**Task objective**
Once the line with "672ff034d2139 Touca de" is found, write it out along with every line after it, exactly, up to the last line of the entries below. Exclude pictures.

**Collected data entries**
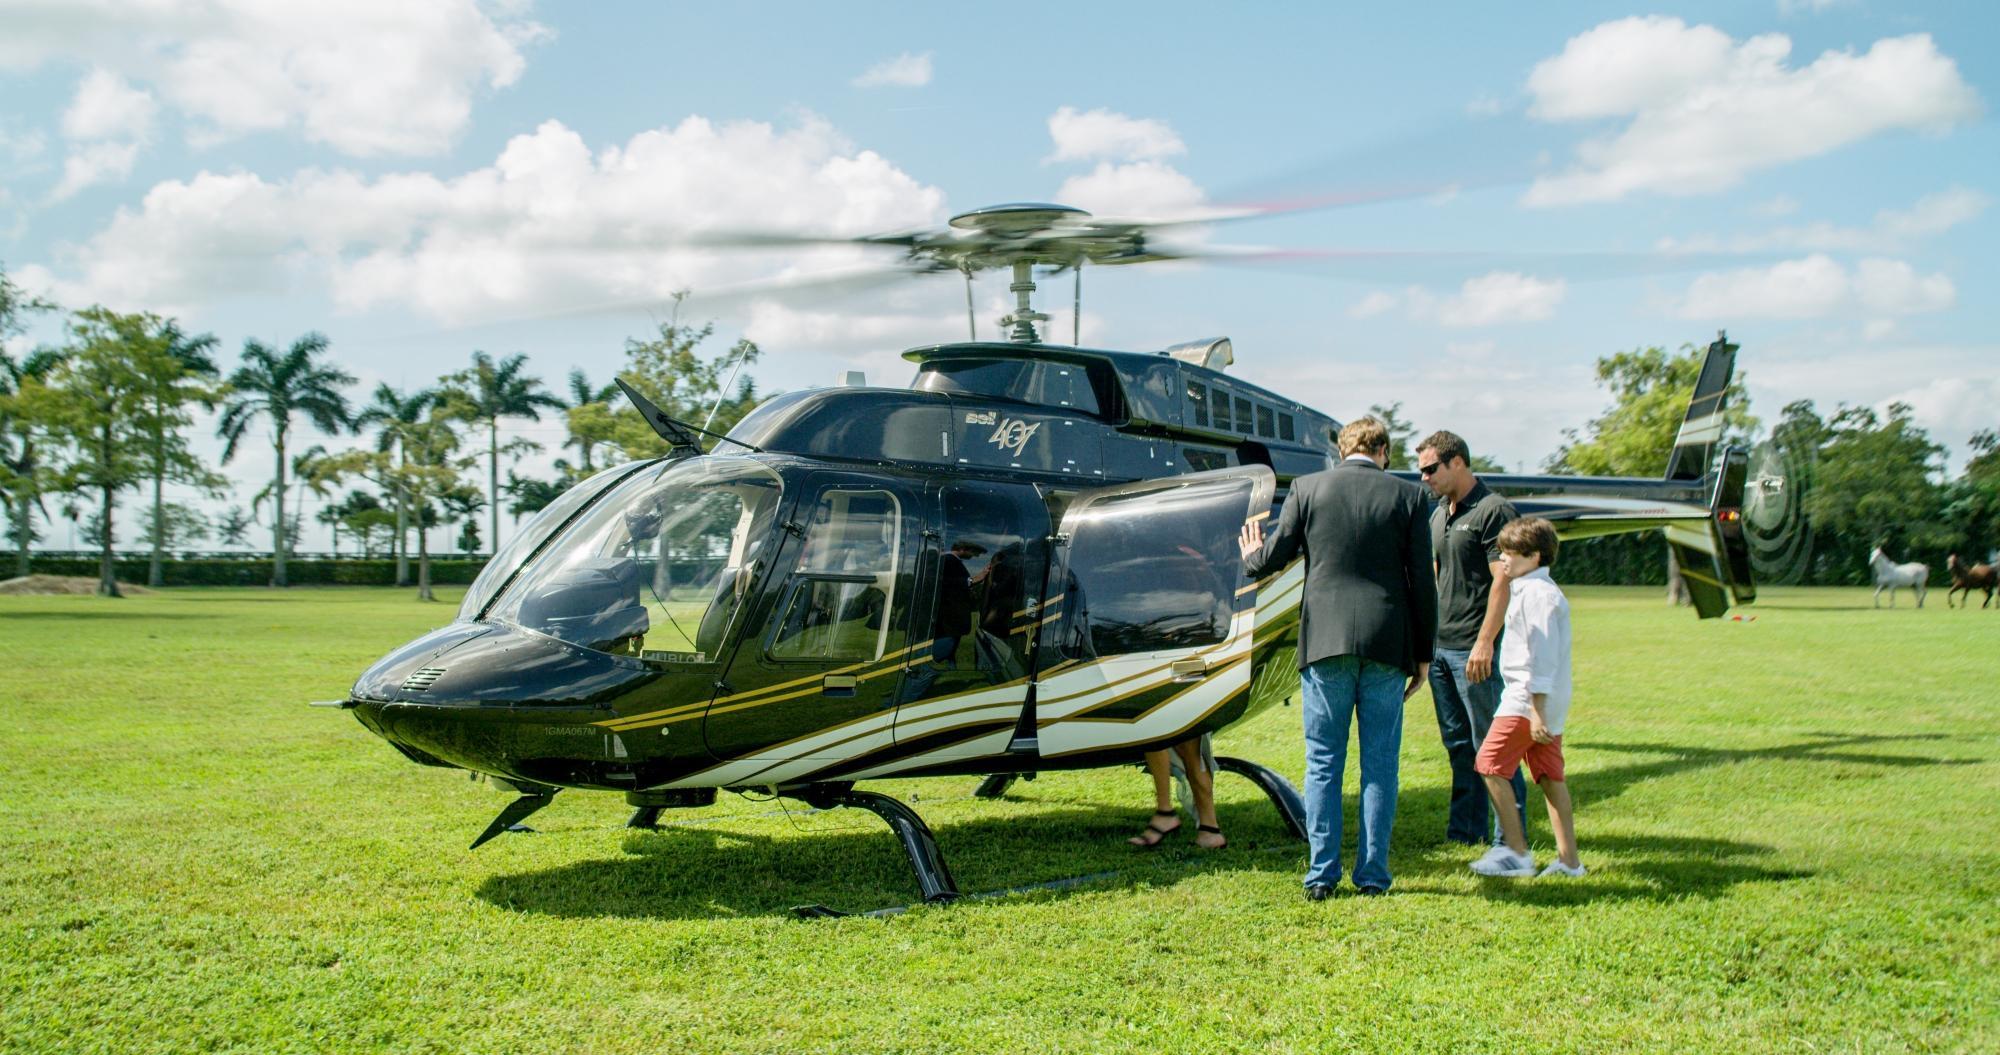 FAA Registered Heliport
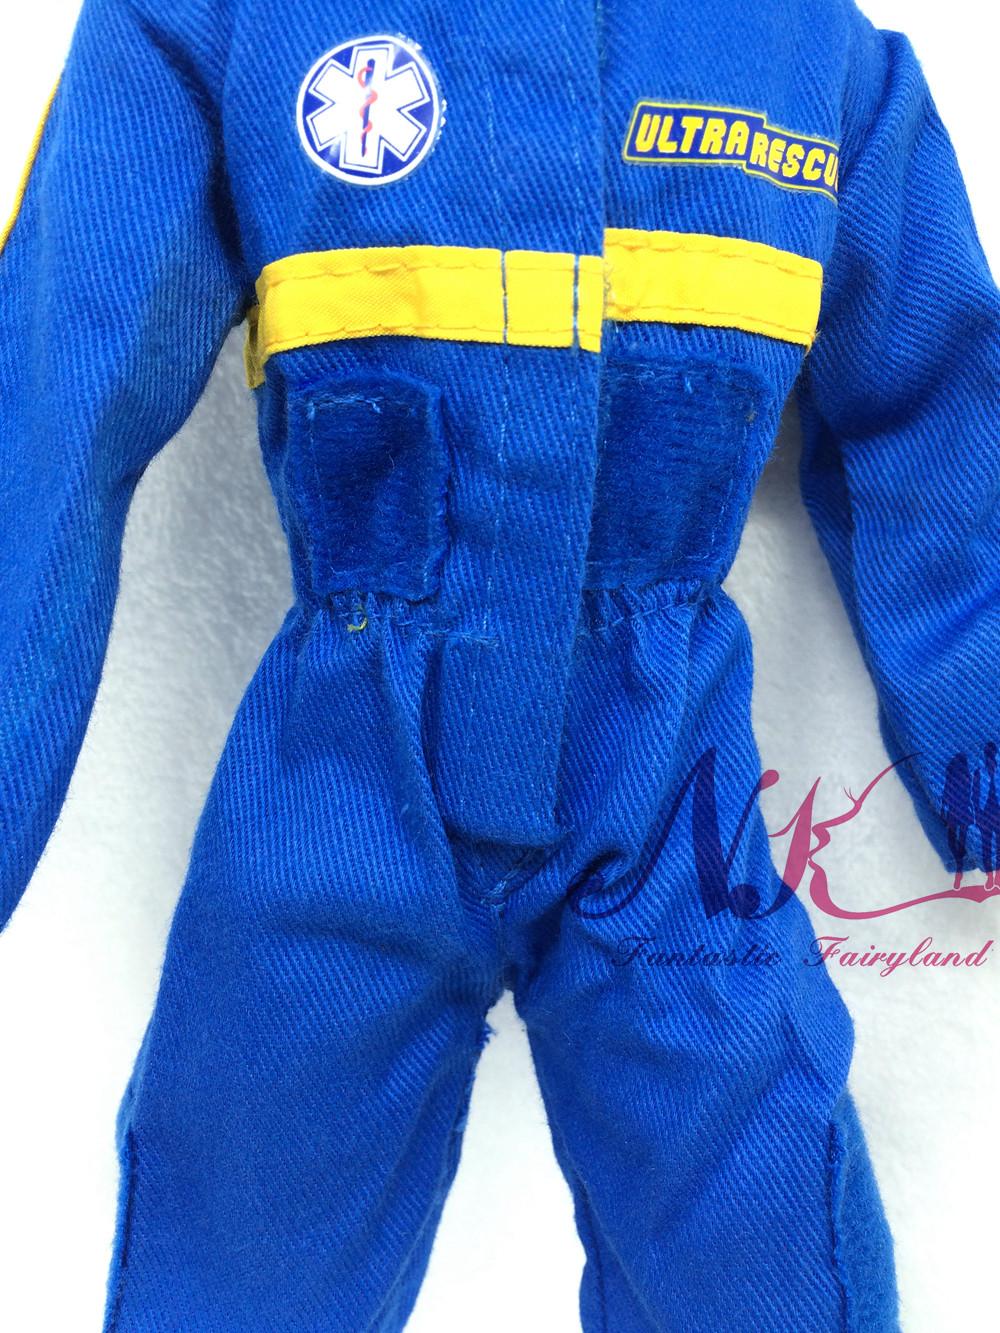 NK Unique Doll Prince Garments Fight Uniform Navy Blue Jumpsuits Outfit For Barbie Boy Male Ken Doll For Lanard  1/6 Soldier
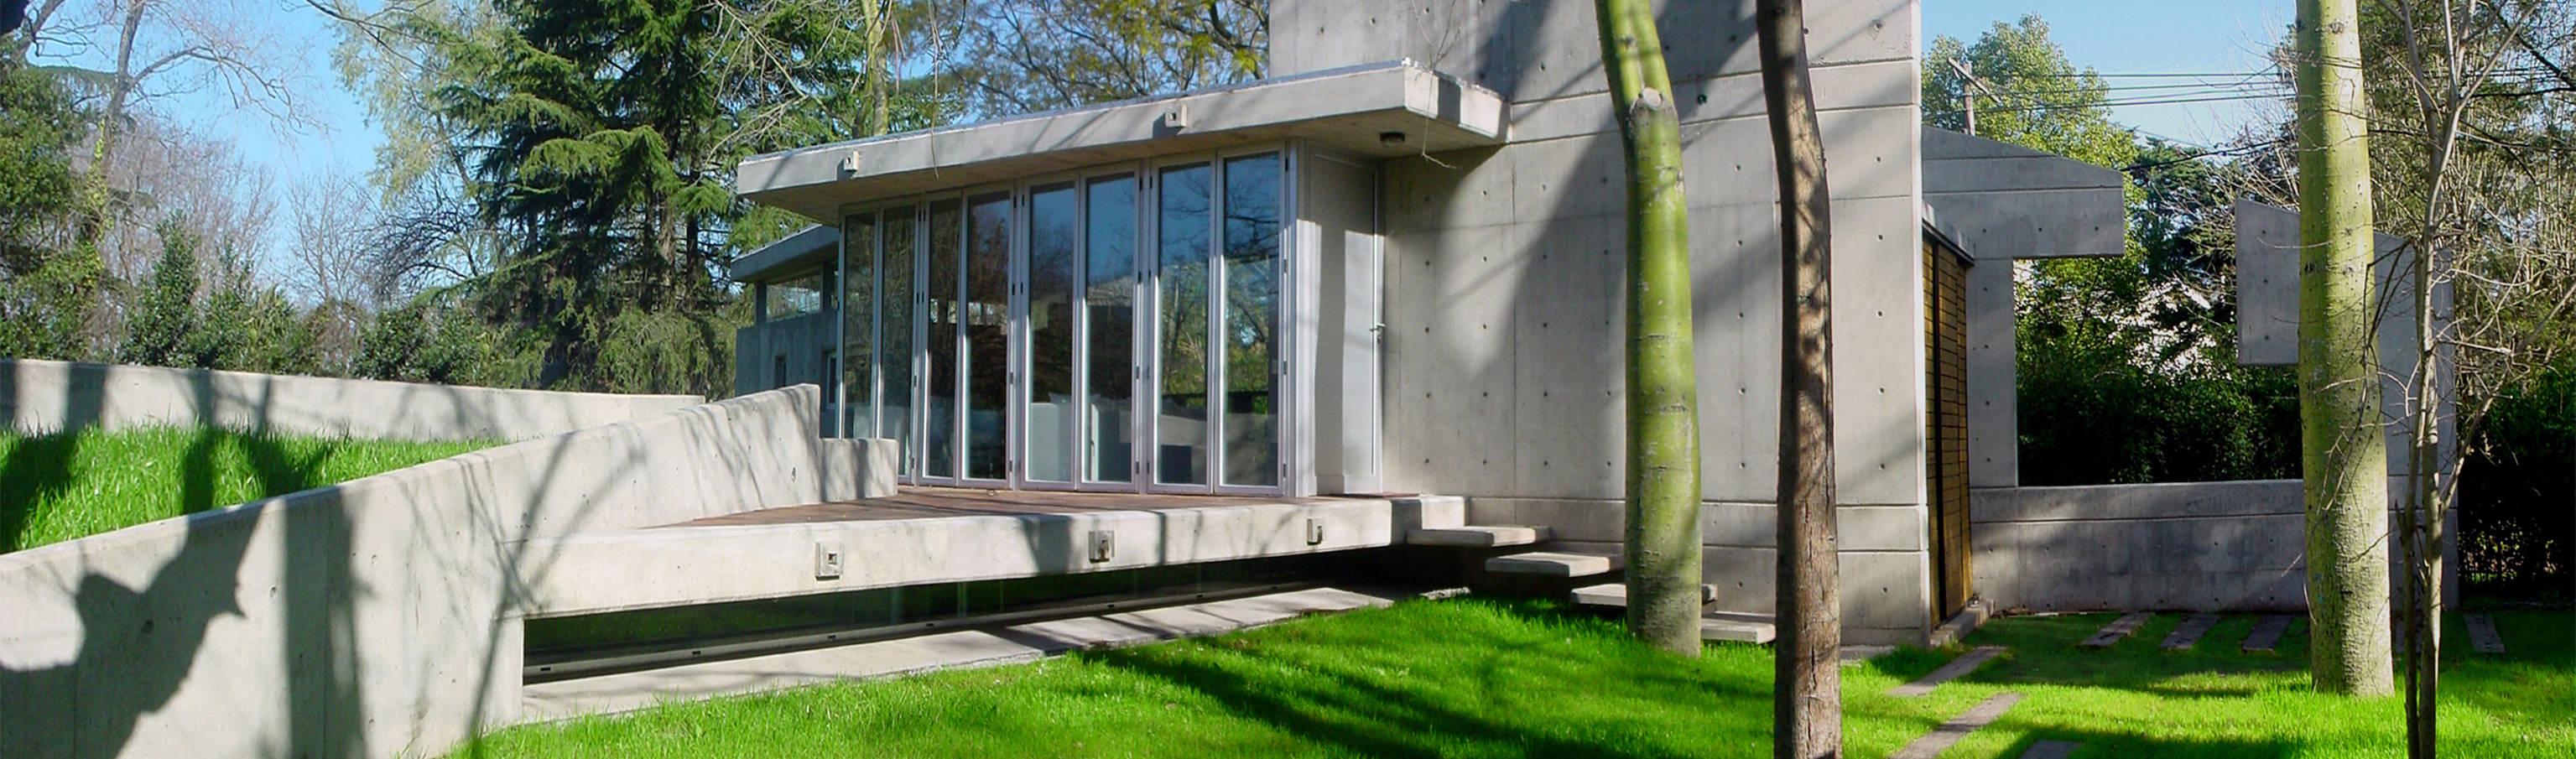 MZM | Maletti Zanel Maletti arquitectos
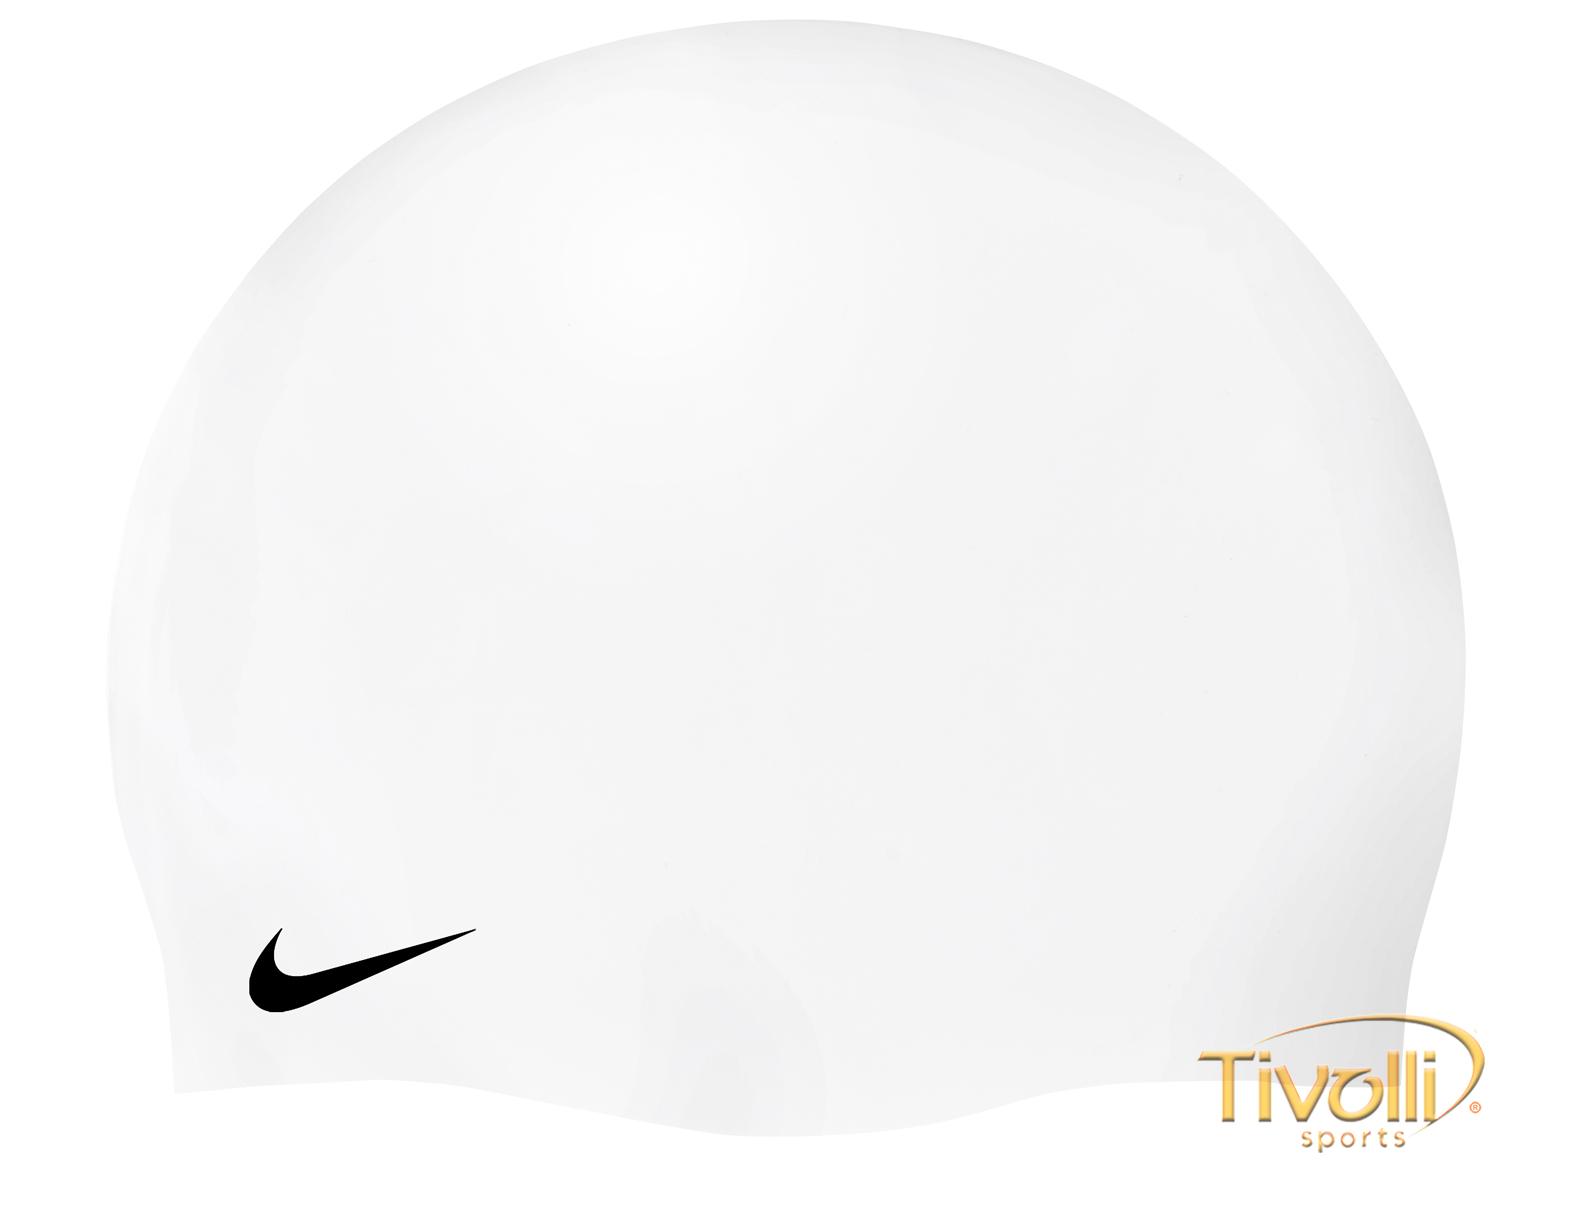 672ff034d2139 Touca de Natação Nike Solid Silicone Cap   Unissex Branca
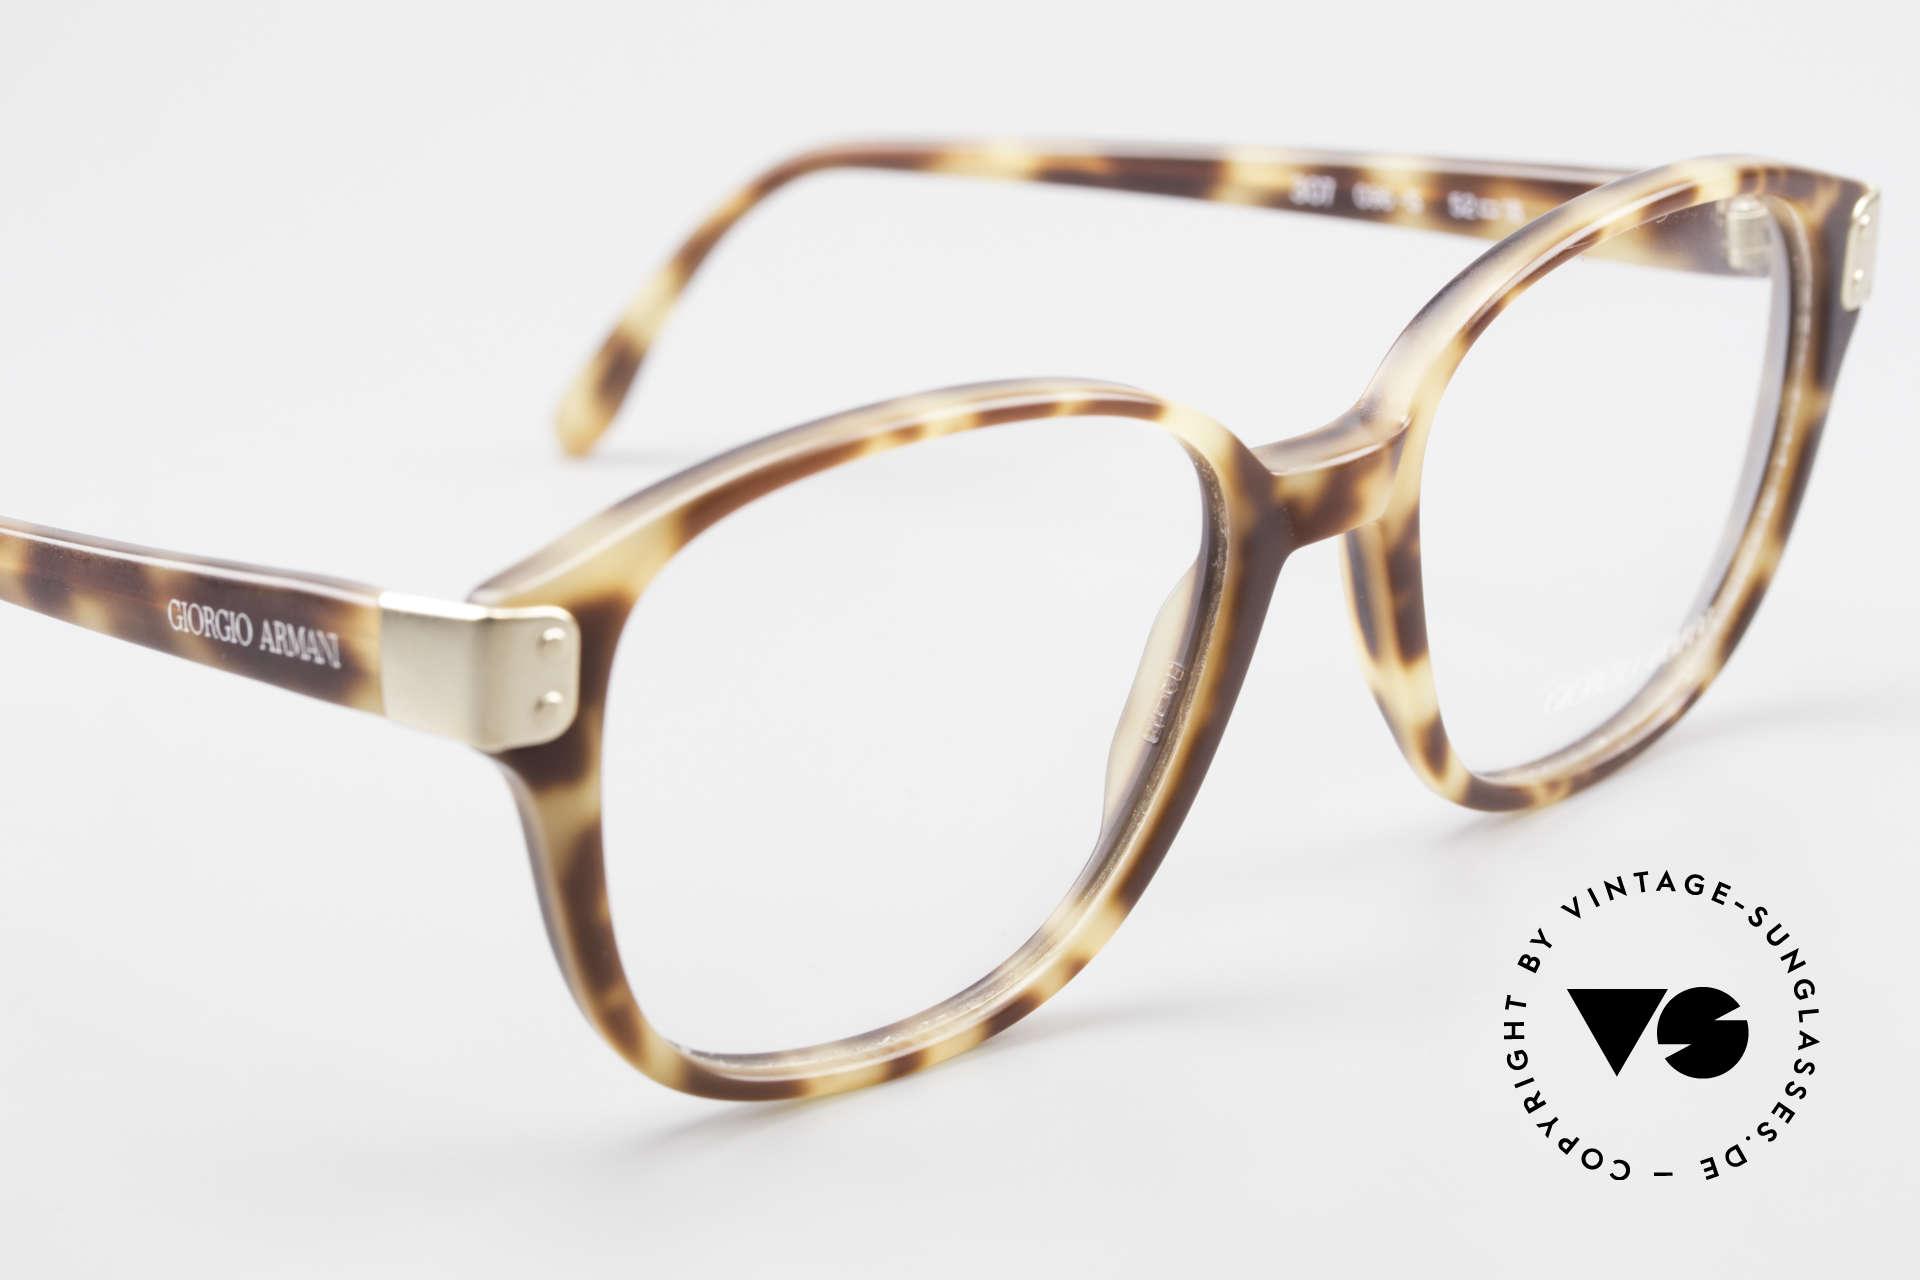 Giorgio Armani 307 Classic 80's Vintage Glasses, NO retro specs, but a unique 30 years old ORIGINAL!, Made for Men and Women

**The answer**
 672ff034d2139 Touca de Natação Nike Solid Silicone Cap   Unissex Branca
 Giorgio Armani 307 Classic 80's Vintage Glasses, NO retro specs, but a unique 30 years old ORIGINAL!, Made for Men and Women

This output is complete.